I have a moral dilemma for George Bush to grapple with.
Here is the situation: after a horrific accident a lady is languishing in hospital in a persistent vegetative state, being kept alive artificially. Medically she has no chance of recovering and her loving husband says she would want to die peacefully. The doctors agree to stop feeding her intravenously, and soon she will die. Only thing can force the doctors to turn her machine back on - a Presidential Decree. So what is George Bush going to do?
Wait a minute before you answer by saying you know exactly what this President, who makes so much noise about “moral values”, will do. Let me add an extra piece to the puzzle: the lady is an Iraqi. Okay, so now we have a real dilemma for Bush. On the one hand his moral values apparently tell him very clearly that he cannot let a person in this state die naturally, while on the other hand his values also tell him that the only good Iraqi is a dead Iraqi… what is he to do?
Okay so I was fictionalising my example. As you probably know Bush has just cut short his holiday in Texas in order to intervene in the case of Terri Schiavo who has been removed from a life-support machine in Florida after over a decade in a vegetative state. But she’s a white skinned American, so he doesn’t have to grapple with my dilemma, and for him the answer is easy: "This is about defending life," said White House spokesman Scott McClellan. The reason I raise it is that two years ago today Bush gave the order to begin the bombing of Baghdad, an order which has claimed the lives of over 100,000 Iraqis – the vast majority civilians – as well as at least 1700 Americans and other nationalities. These figures include 3 of my friends.
Giving Bush the benefit of the doubt and assuming that his action today is based on conviction not to gain political capital, there is indeed something to respect about spending so much effort to try and save even someone who’s life-force is so dim. Rebuplican Senator Tom DeLay says some fine words: "We should investigate every avenue before we take the life of a living human being."
The Christian faith, which Bush claims to share, holds that every individual’s life is infinitely precious: Jesus was nailed to the Cross with his arms open as wide as they could go saying, in effect, “this is how much you, each and every one of you, is worth to Me”. Given that each individual is so precious, and given that it can be very difficult to decide precisely when life begins and when it ends, it makes sense to me to err on the side of caution. For this reason I personally oppose abortion and euthanasia – although I hasten to add that I would not condemn or criminalise those who do these things with good motives, given that the issues are so complex.

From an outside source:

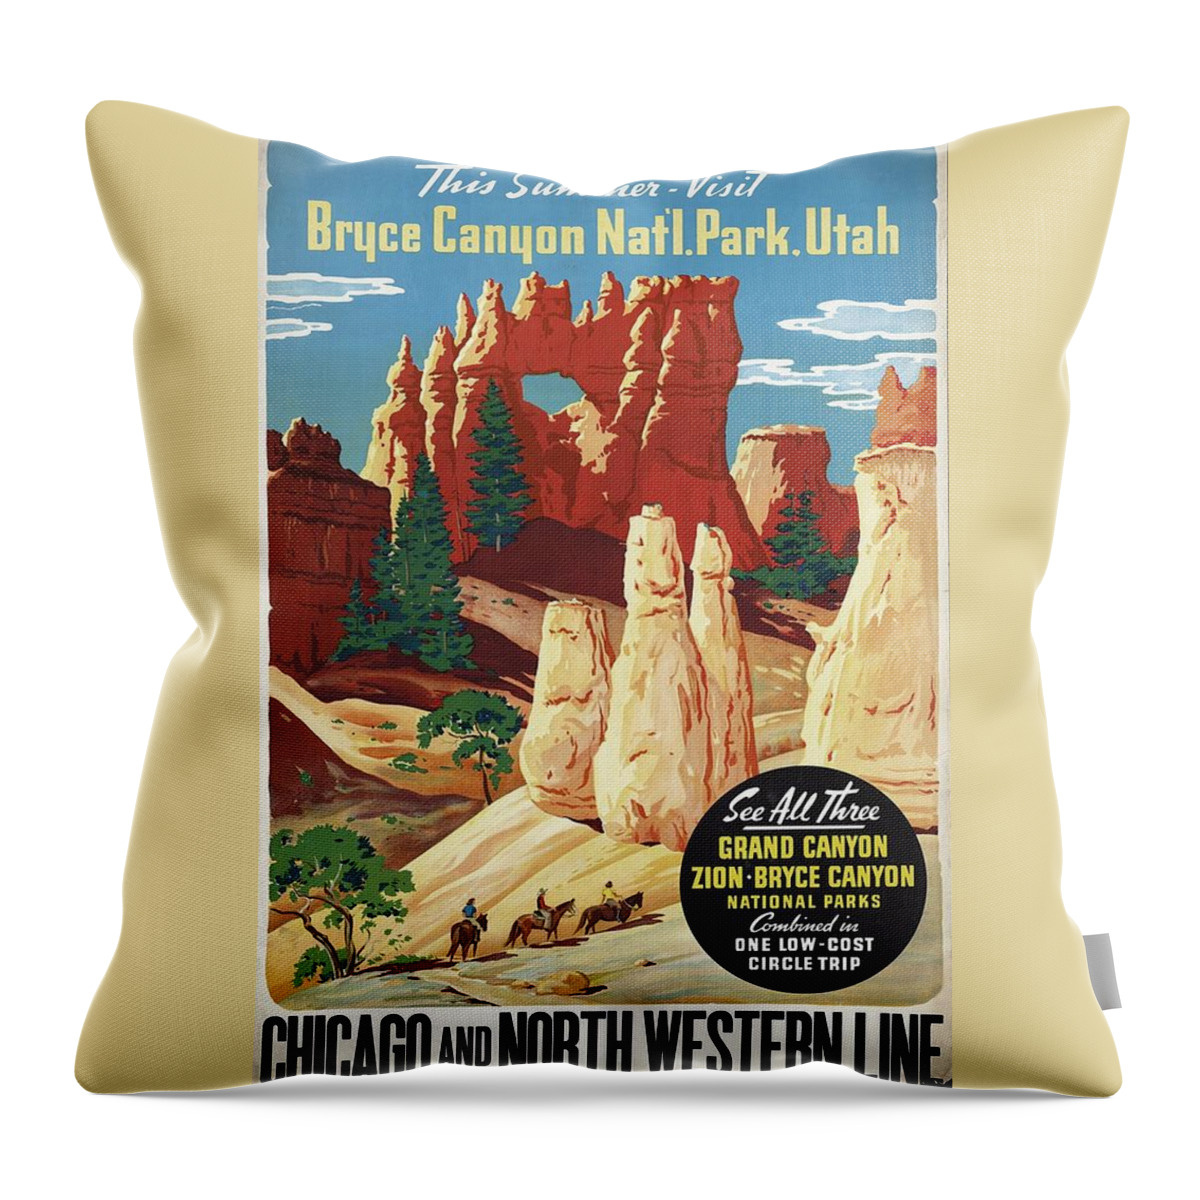 Bryce Canyon Throw Pillow featuring the mixed media This Summer - Visit Bryce Canyon National Par, Utah, USA - Retro travel Poster - Vintage Poster by Studio Grafiikka

What I find very hard to understand is how some people can be firmly “pro-life” in the marginal cases of the unborn, the terminally ill or vegetative, and yet “pro-death” in the case of people who are clearly alive and healthy. Where were the concerns for defending life when George Bush signed over 300 execution orders as Governor of Texas? When he ordered his military to invade Afghanistan and Iraq, did he really investigate every avenue before taking the lives of these tens of thousands of living human beings? Of course not, as Hans Blixx will testify, and worryingly I have not even seen evidence of Bush showing remorse for these murders.
Today is also another anniversary, Palm Sunday, when we remember how Jesus was greeted by crowds laying palm branches in front of him as he entered Jerusalem. How different his Triumphal Entry into Jerusalem was to that off Bush’s army into Baghdad. Jesus’ people were oppressed by dictators – Herod, Pilate and ultimately Tiberas Caesar – every bit as brutal as Saddam, and yet he refused the calls to become a military leader, to liberate his people through shedding rivers of blood. He didn’t enter the city in a convoy of Humvees and tanks (or at least the 1st century equestrian equivalents). Instead he chose the path of the servant, riding humbly into Jerusalem on a donkey and then sacrificing his life on a cross, in order to liberate not just one nation but the whole world from the cycle of violence and sin.
[Today we held an outdoors memorial service in central Baghdad, reading out the names of dead Iraqis and foreigners and praying for peace. Later we joined Iraqi Christians for a Palm Sunday service. In Bethlehem today some of my Palestinian friends are staging a Palm Sunday procession to Jerusalem - or rather to the Israeli checkpoint at the edge of Bethlehem, beyond which most are not allowed to go even though it is still many miles from the Green Line border with Israel.]